[DATA FOR PROCESSING — start]

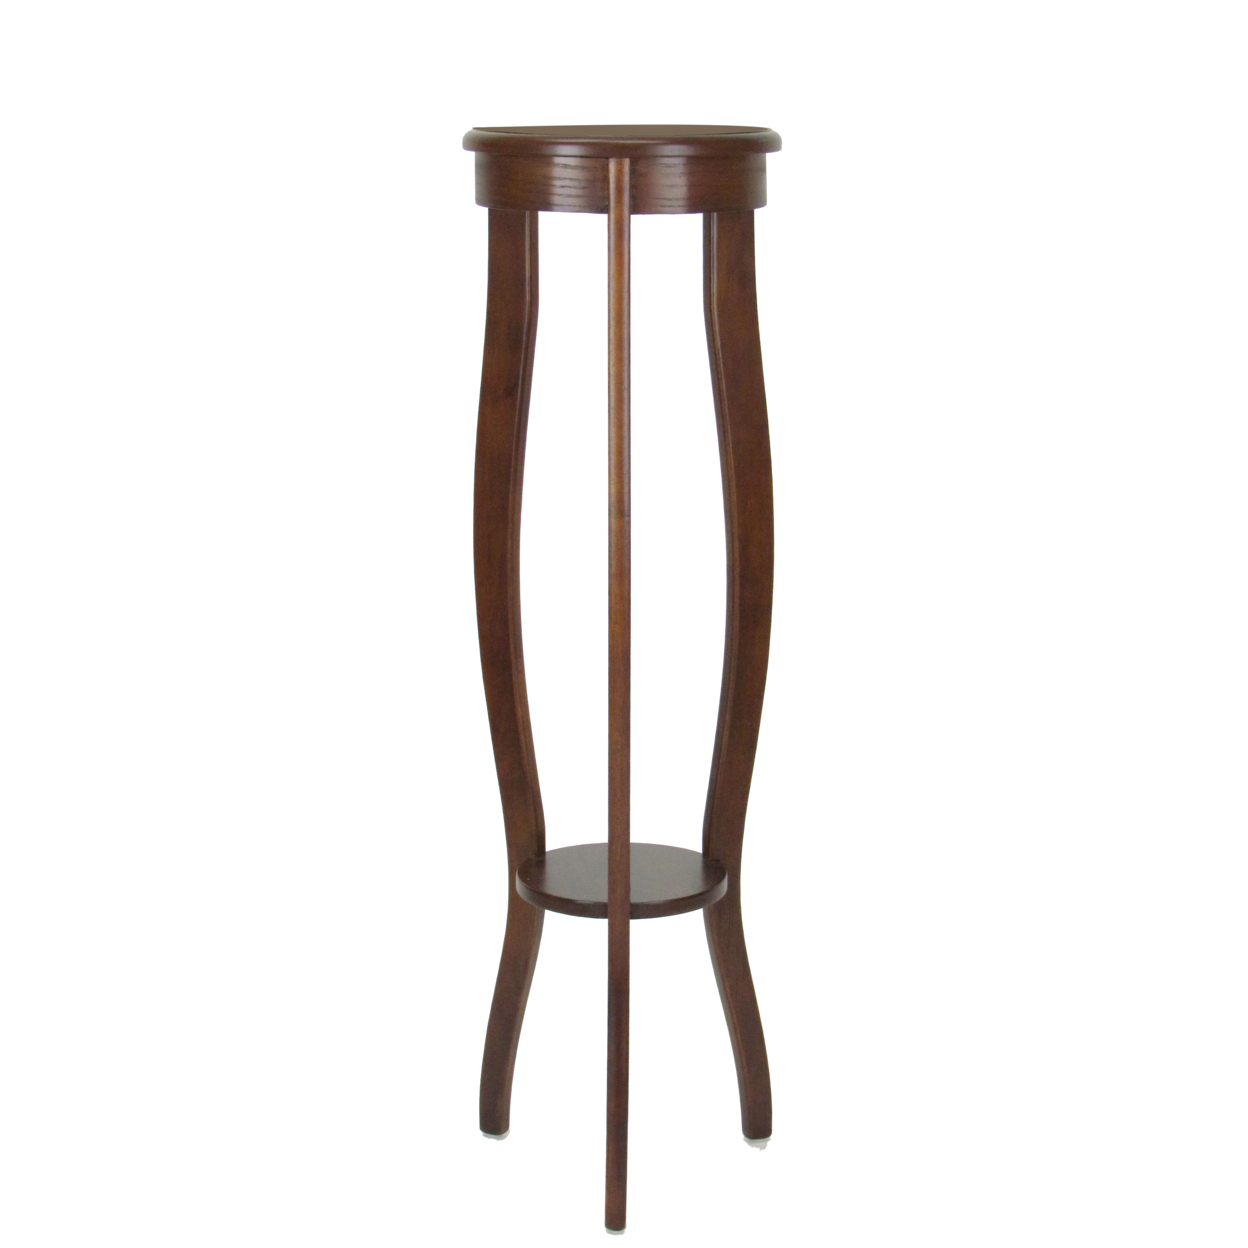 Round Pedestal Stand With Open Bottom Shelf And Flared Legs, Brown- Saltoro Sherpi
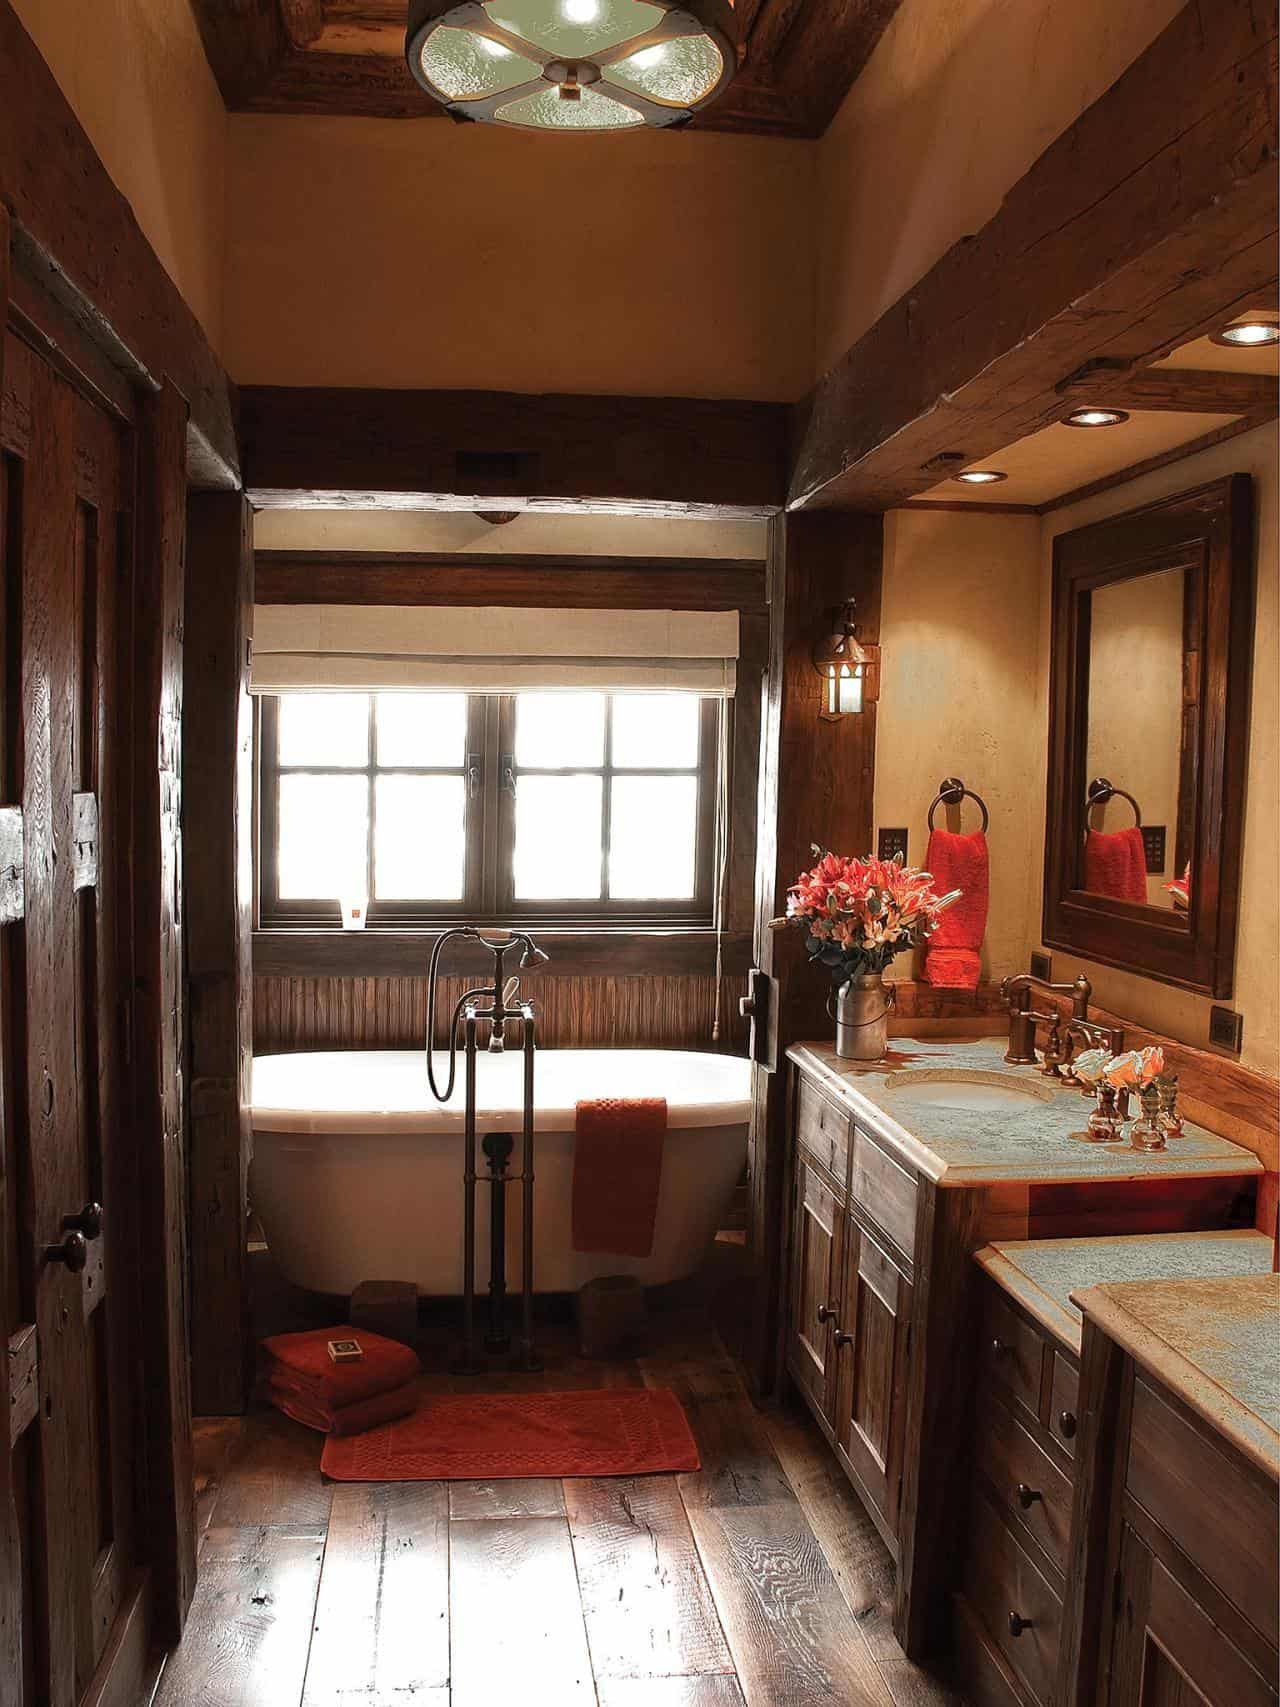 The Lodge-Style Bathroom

[DATA FOR PROCESSING — finish]
[DATA FOR PROCESSING — start]

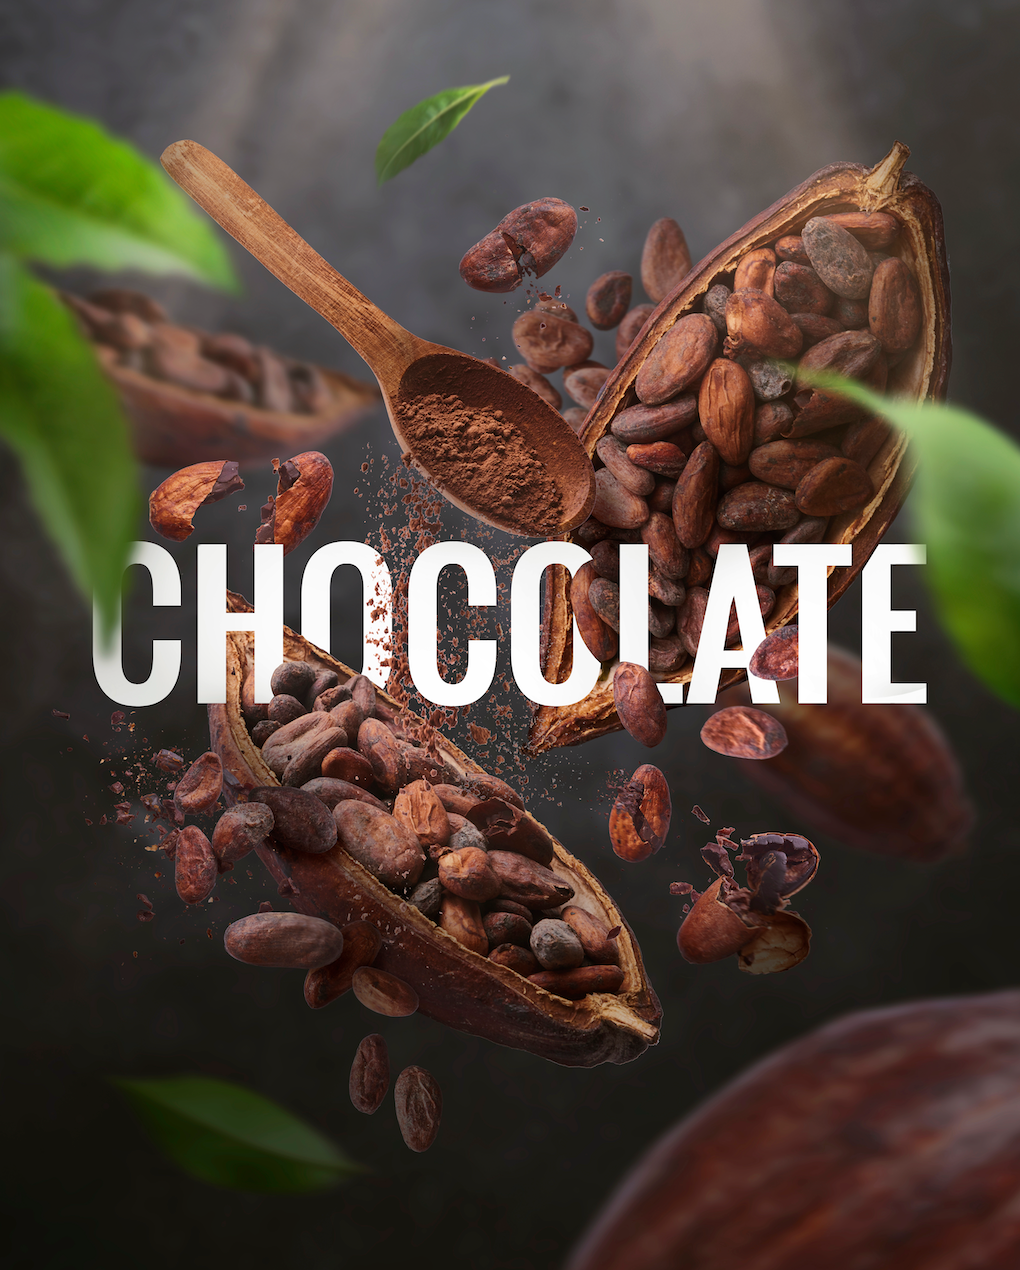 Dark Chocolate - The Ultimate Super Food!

[DATA FOR PROCESSING — finish]

## WHAT IS EXPECTED
The data above holds the lines to copy: start at the one with "Round Pedestal Stand", stop at the one with "The Lodge-Style Bathroom", include both, copy them exactly without pictures, and copy nothing else.

## RESULT
 Round Pedestal Stand With Open Bottom Shelf And Flared Legs, Brown- Saltoro Sherpi
 The Lodge-Style Bathroom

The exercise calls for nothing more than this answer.